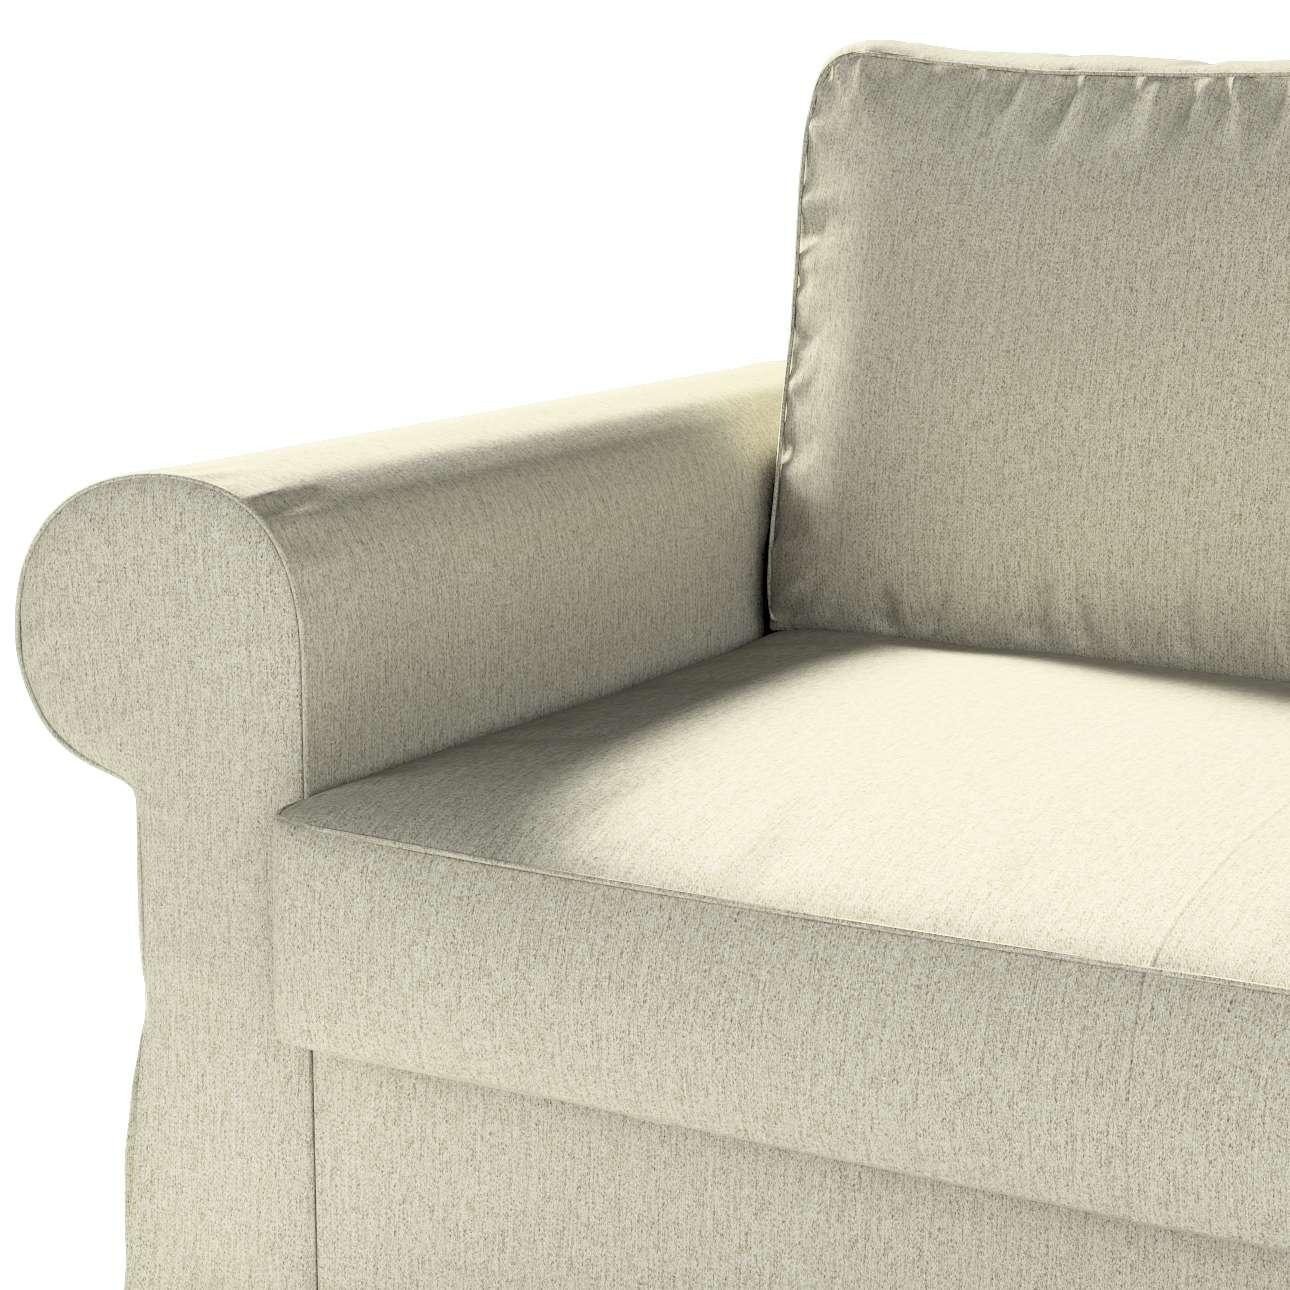 Bezug für Backabro 2-Sitzer Sofa ausklappbar von der Kollektion Living, Stoff: 161-62
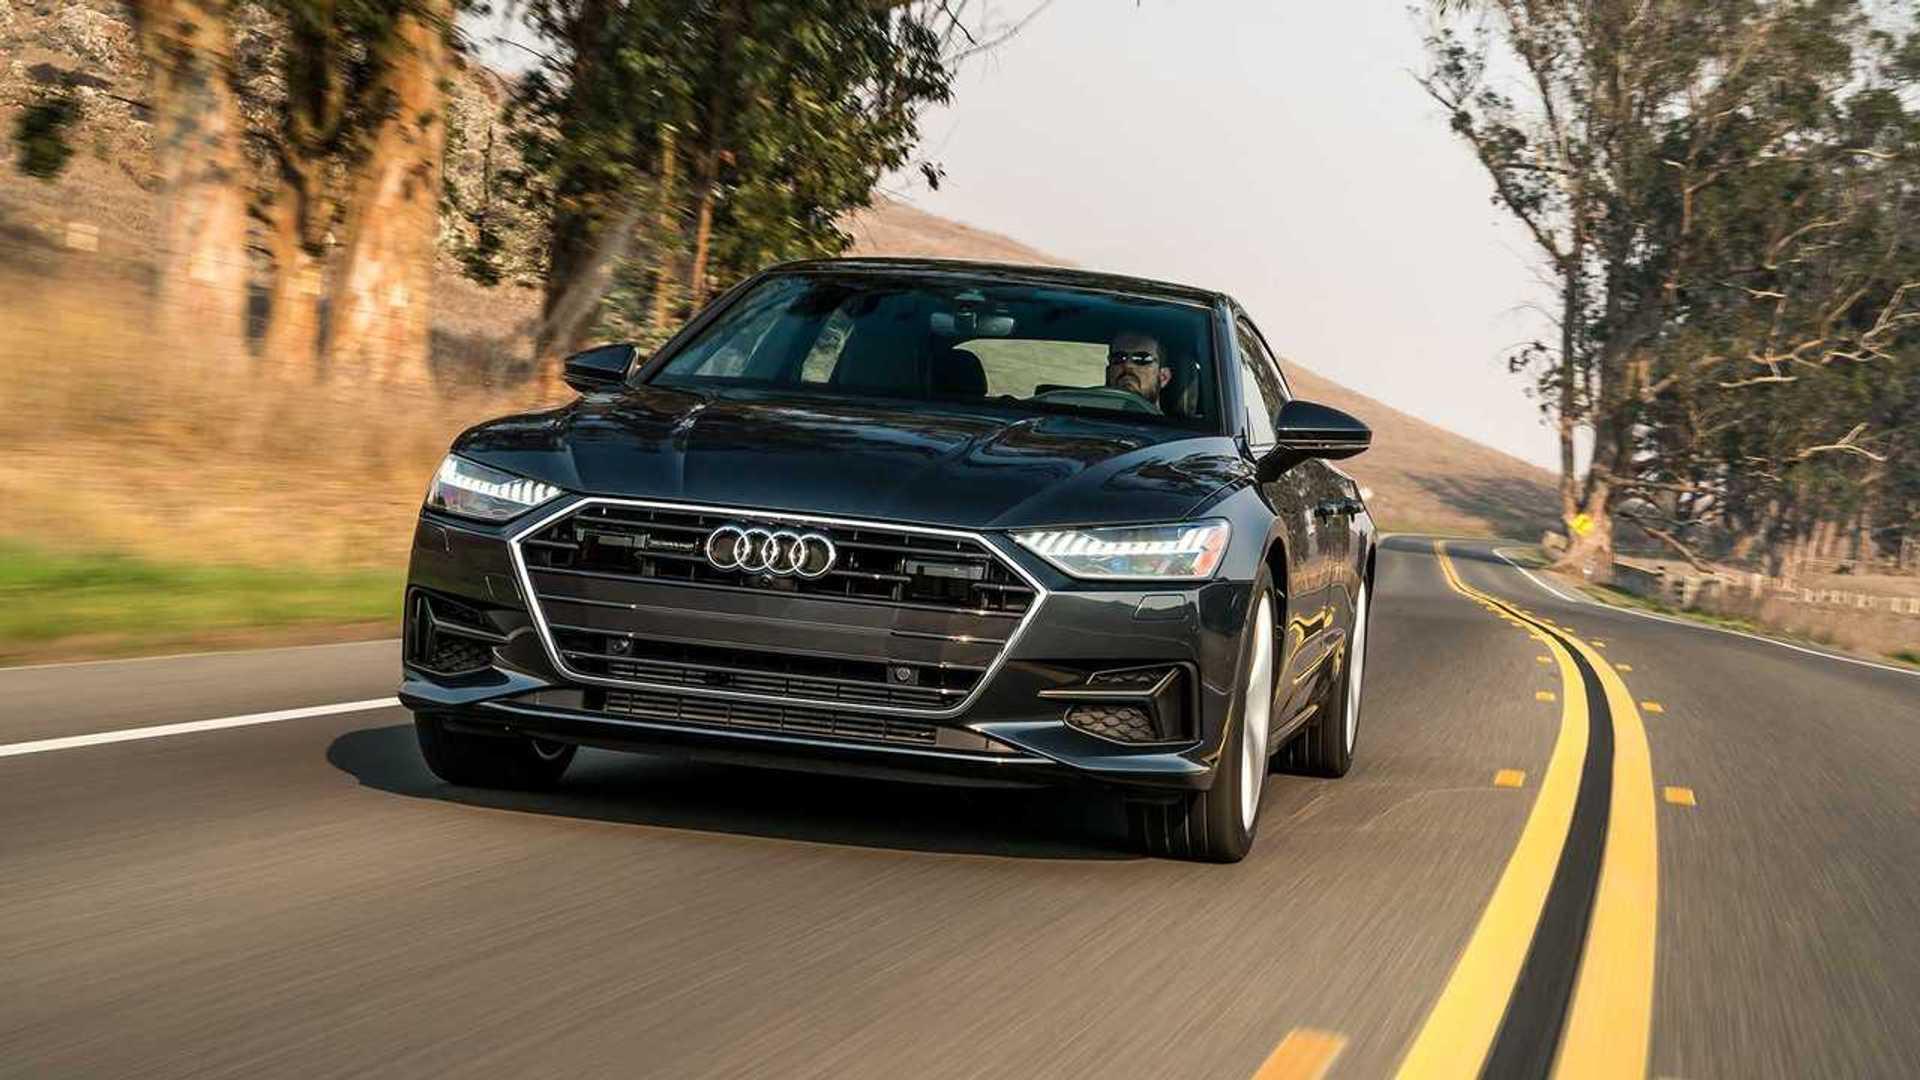 Used Luxury Cars >> Tesla Tops List Of Fastest Selling Used Luxury Cars
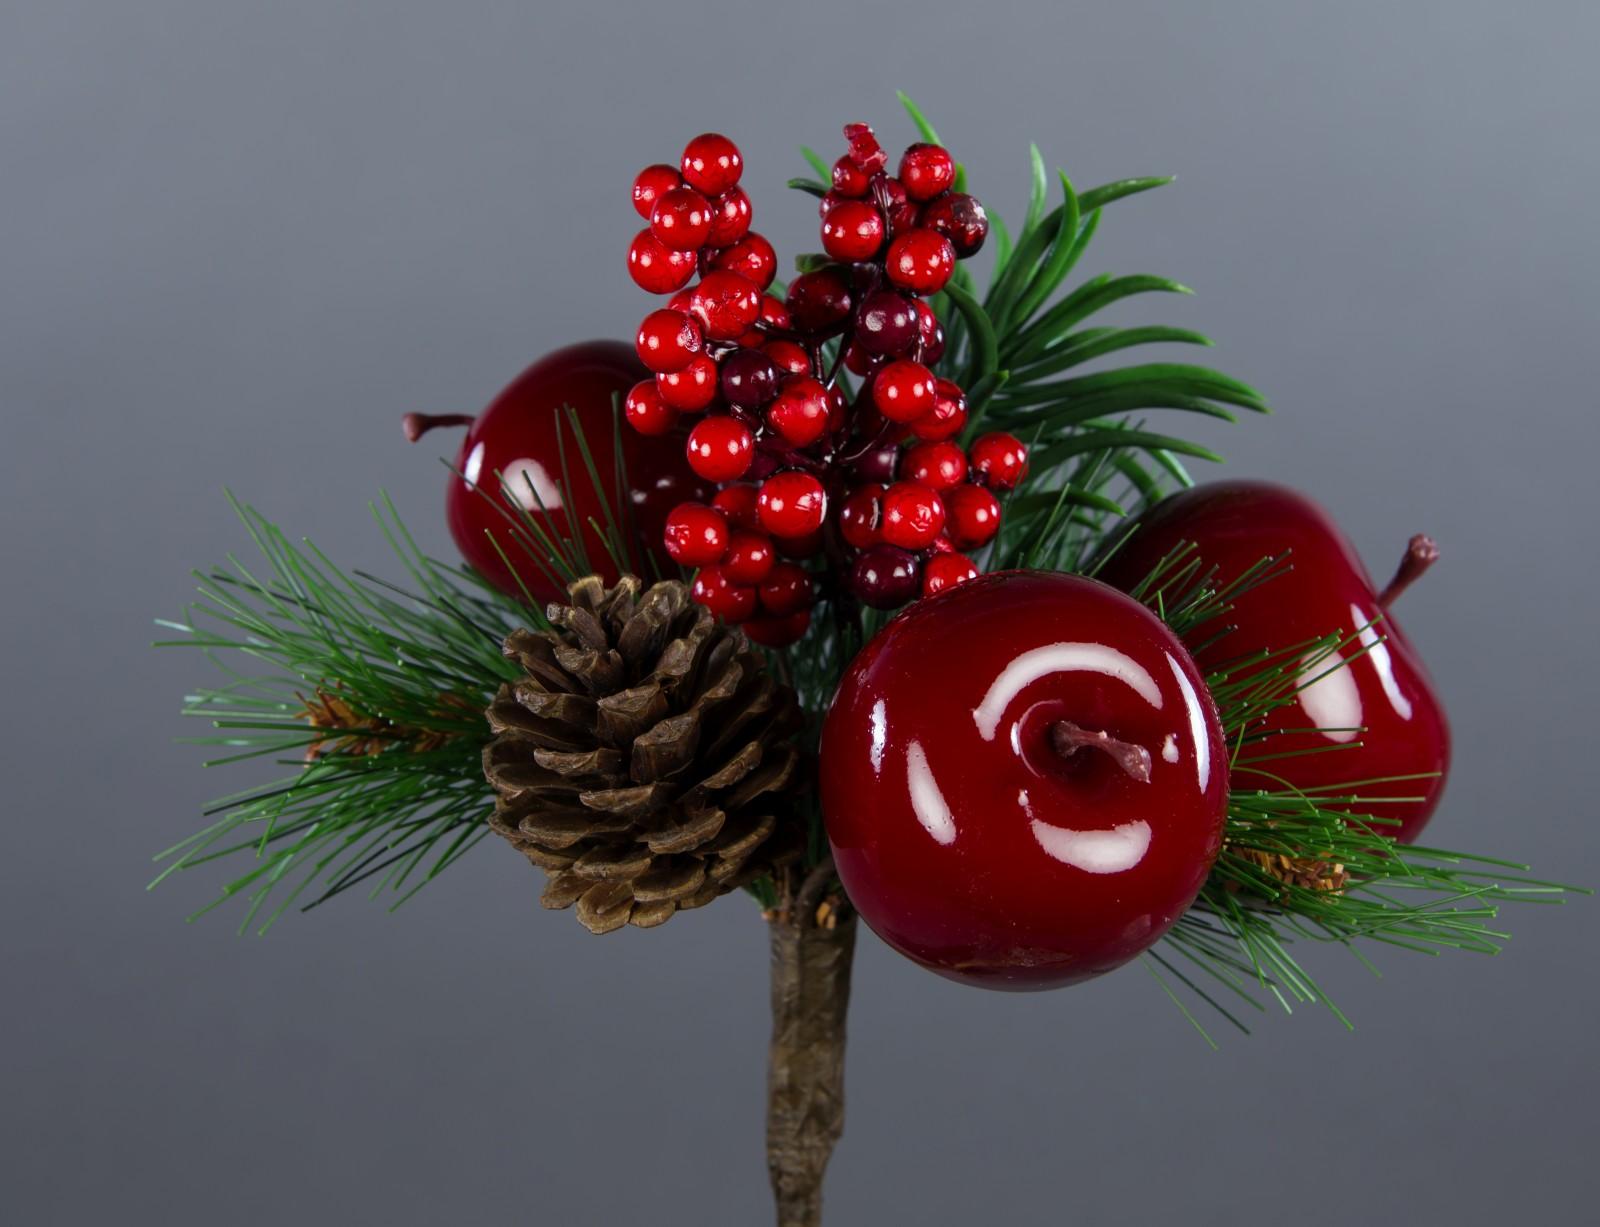 weihnachtsbouquet 20x16cm mit apfel beeren zapfen und tanne ga kunstpflanzen ebay. Black Bedroom Furniture Sets. Home Design Ideas

◆ Problem requirements: Drop the pictures, then repeat the material word for word.

◆ Answer for the task:
 Bezug für Backabro 2-Sitzer Sofa ausklappbar von der Kollektion Living, Stoff: 161-62
 Used Luxury Cars >> Tesla Tops List Of Fastest Selling Used Luxury Cars
 weihnachtsbouquet 20x16cm mit apfel beeren zapfen und tanne ga kunstpflanzen ebay. Black Bedroom Furniture Sets. Home Design Ideas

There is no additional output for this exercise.